■ Exercise requirements
Transcribe the lines below exactly. No image belongs in the transcription.

Source data: Begin

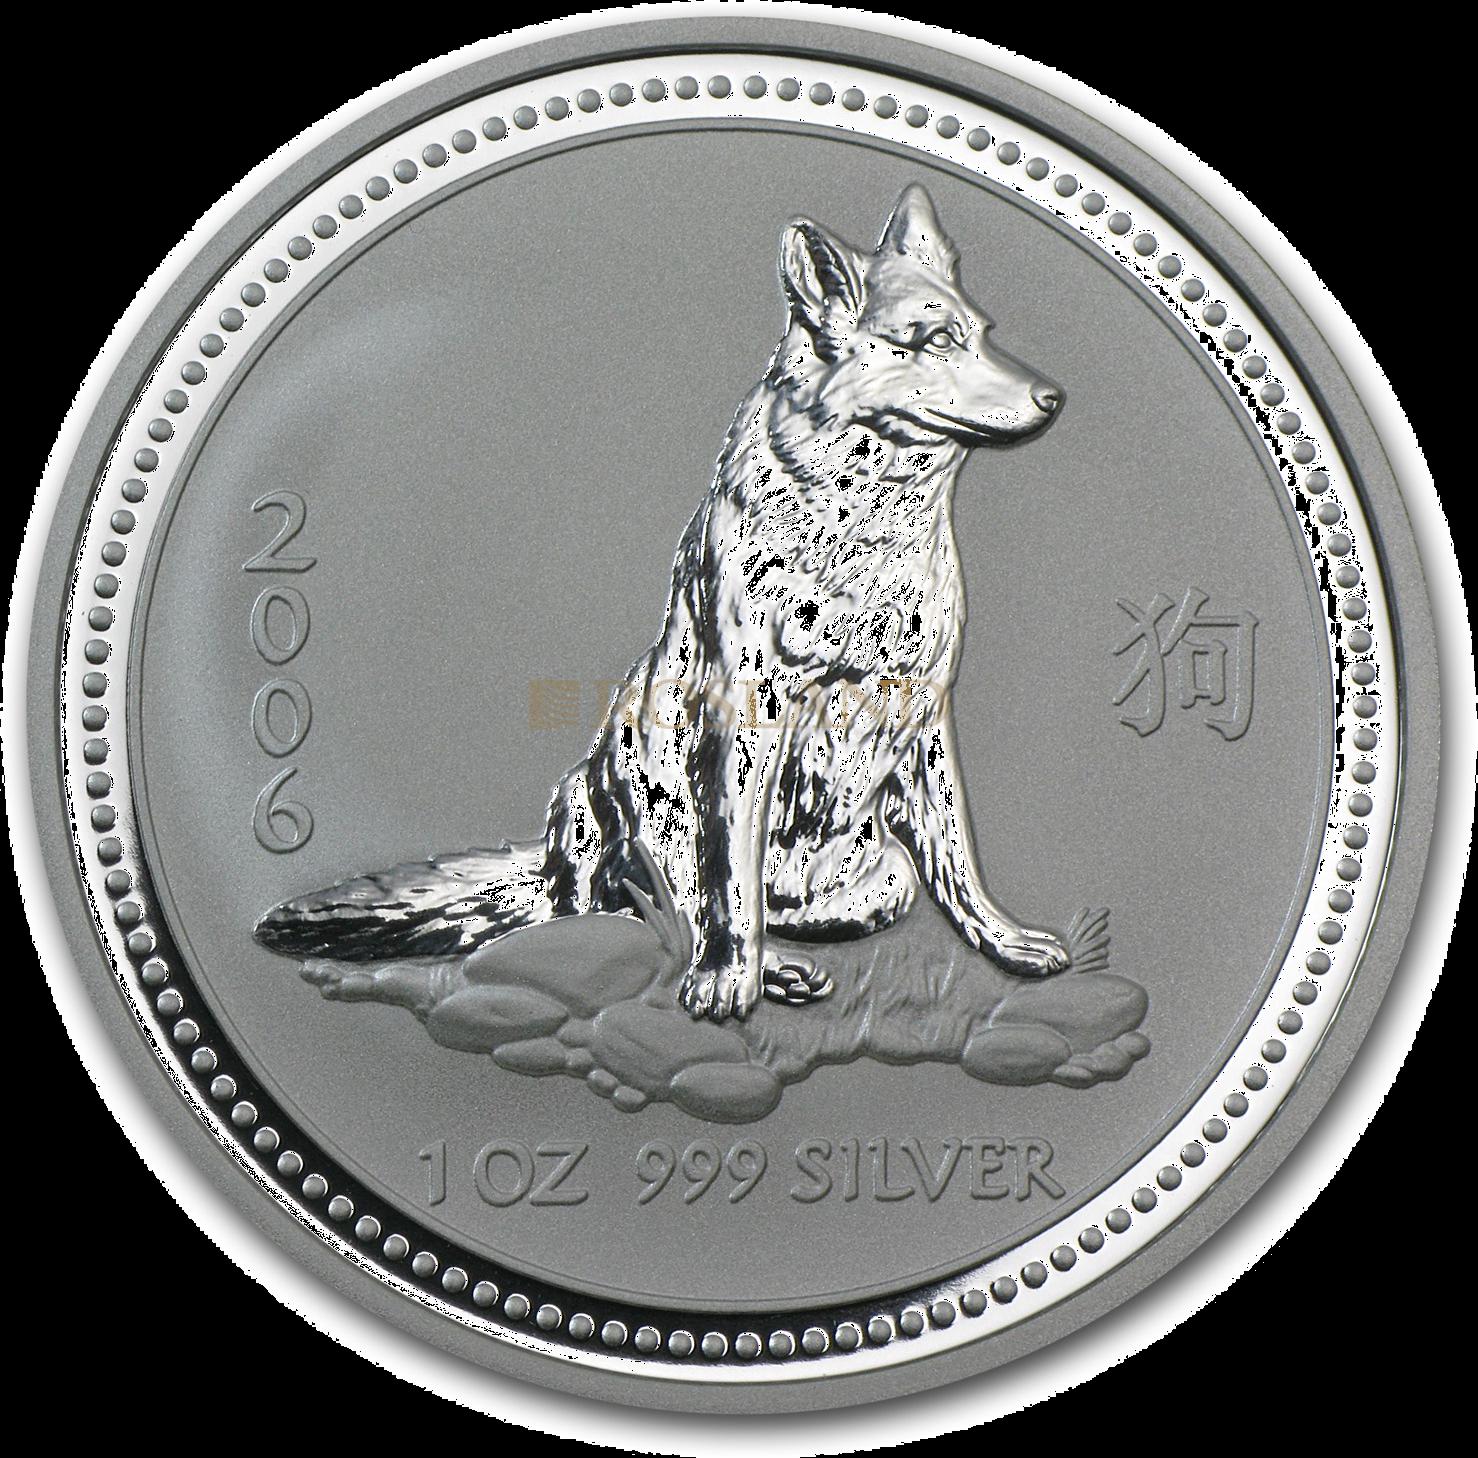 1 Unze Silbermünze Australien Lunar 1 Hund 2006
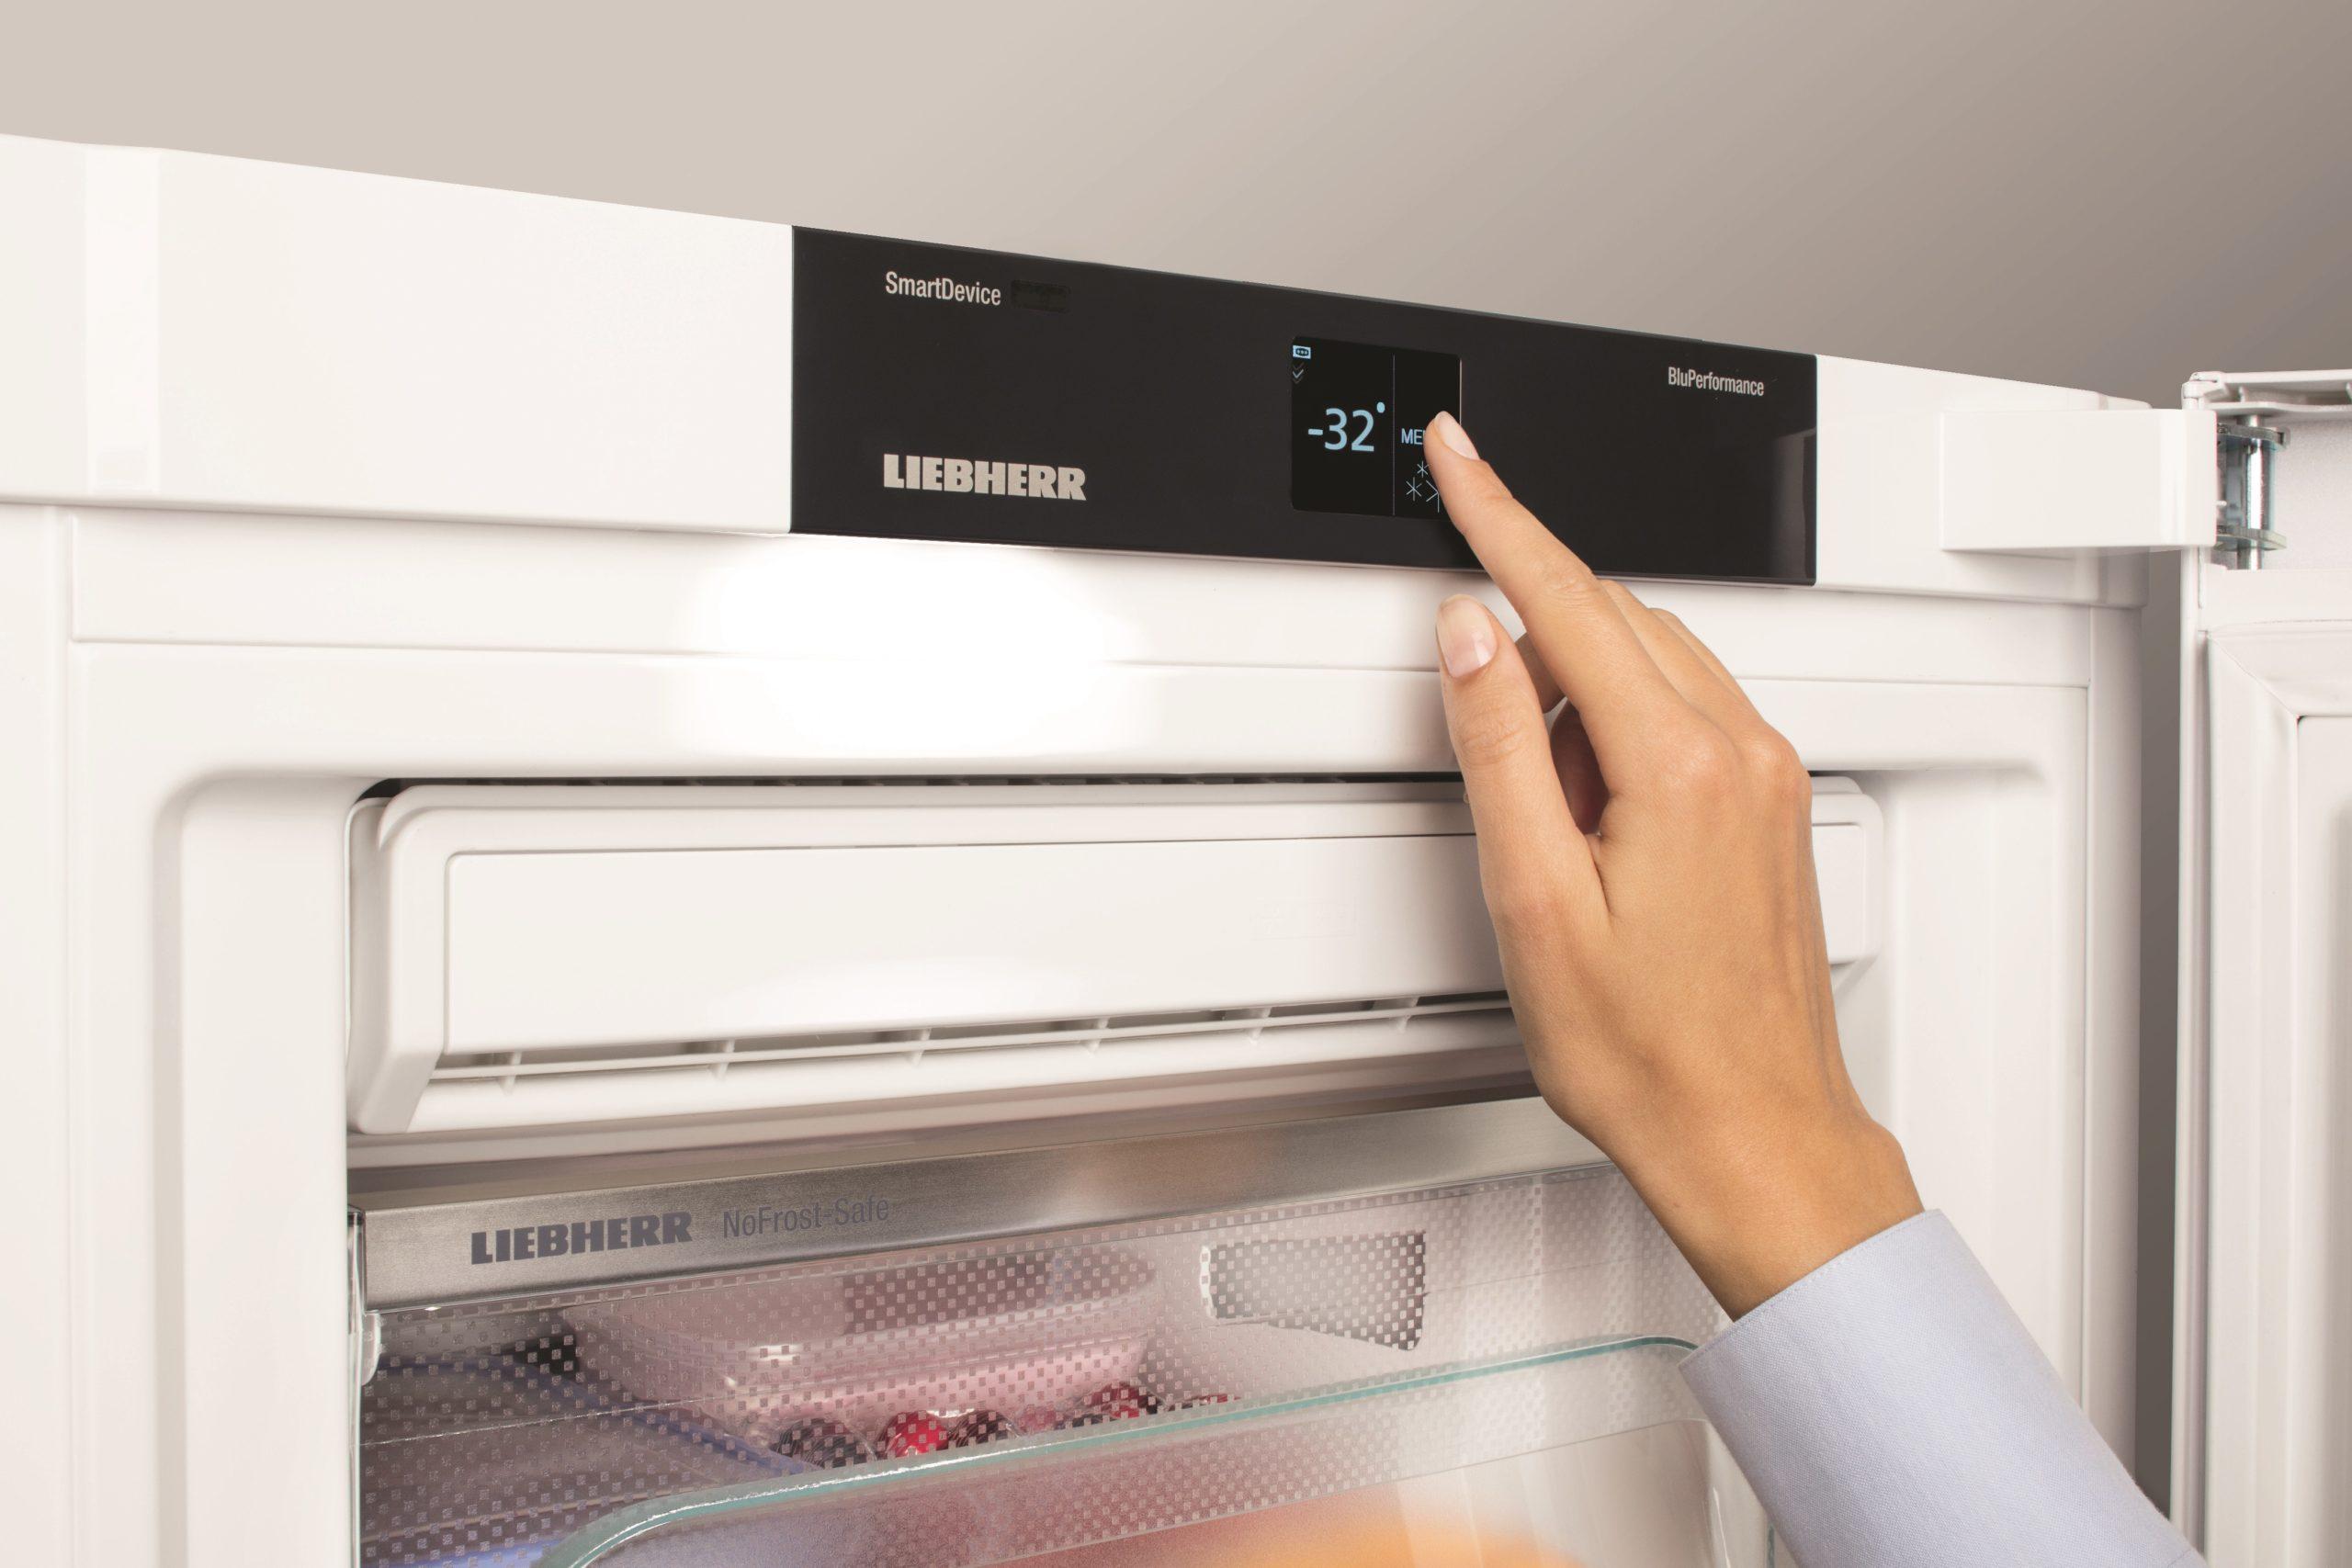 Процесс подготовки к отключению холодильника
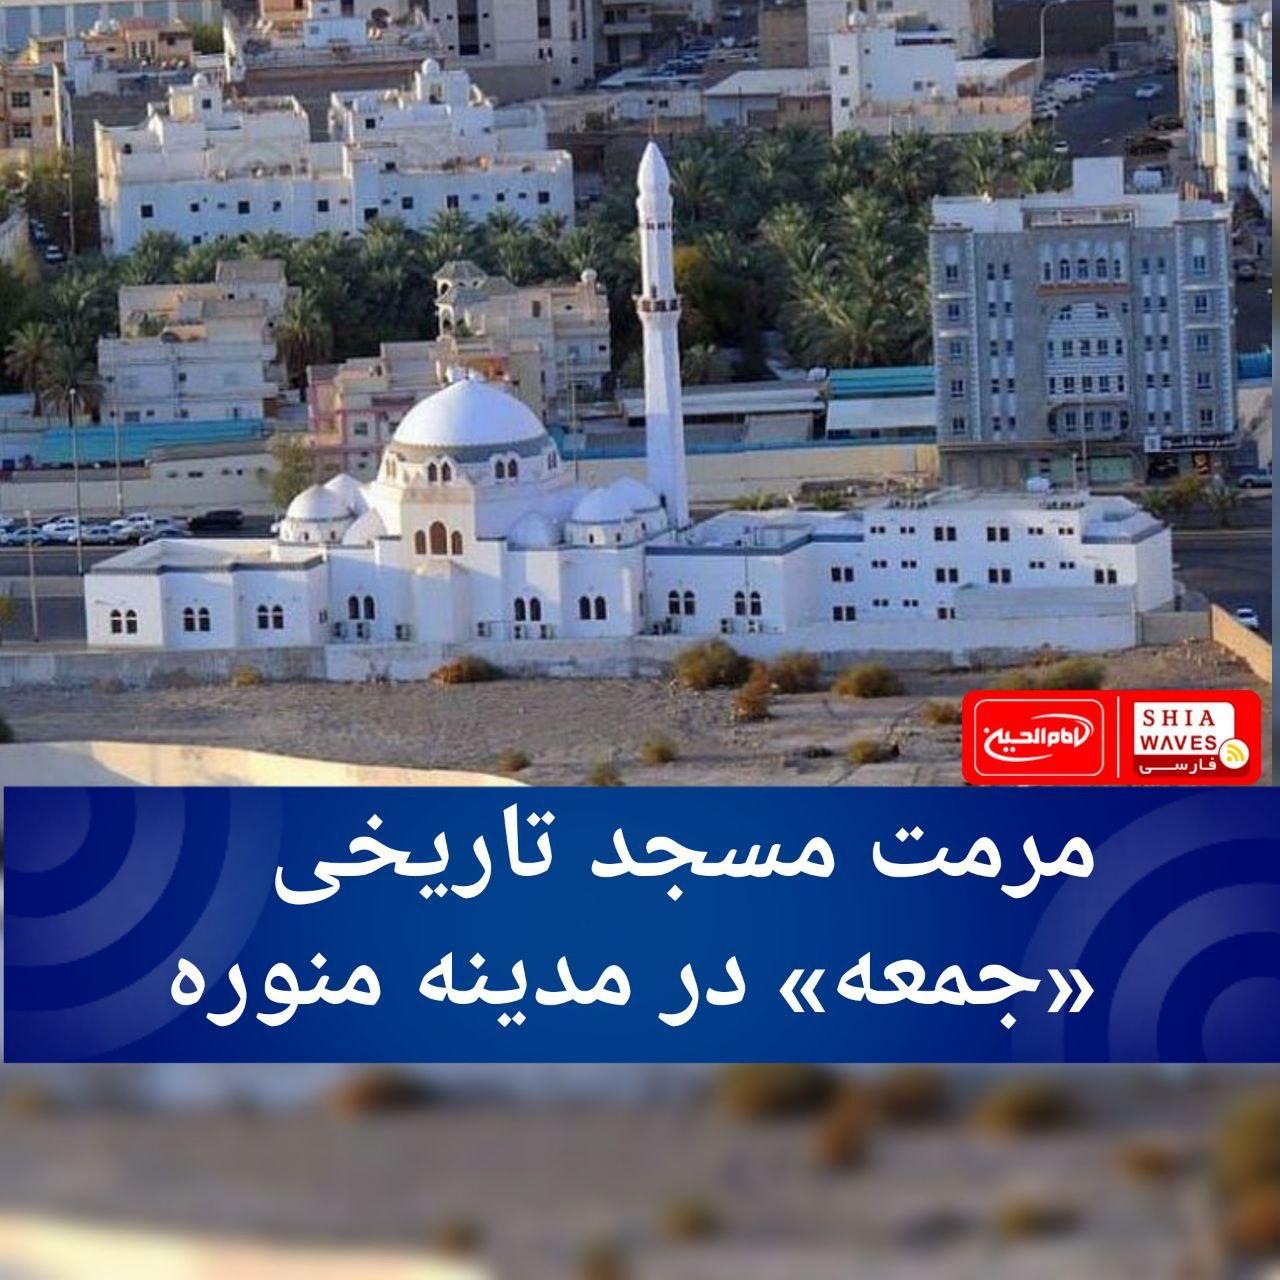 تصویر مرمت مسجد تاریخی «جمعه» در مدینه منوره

Source data: End

■ Answer box
 1 Unze Silbermünze Australien Lunar 1 Hund 2006
 Процесс подготовки к отключению холодильника
 تصویر مرمت مسجد تاریخی «جمعه» در مدینه منوره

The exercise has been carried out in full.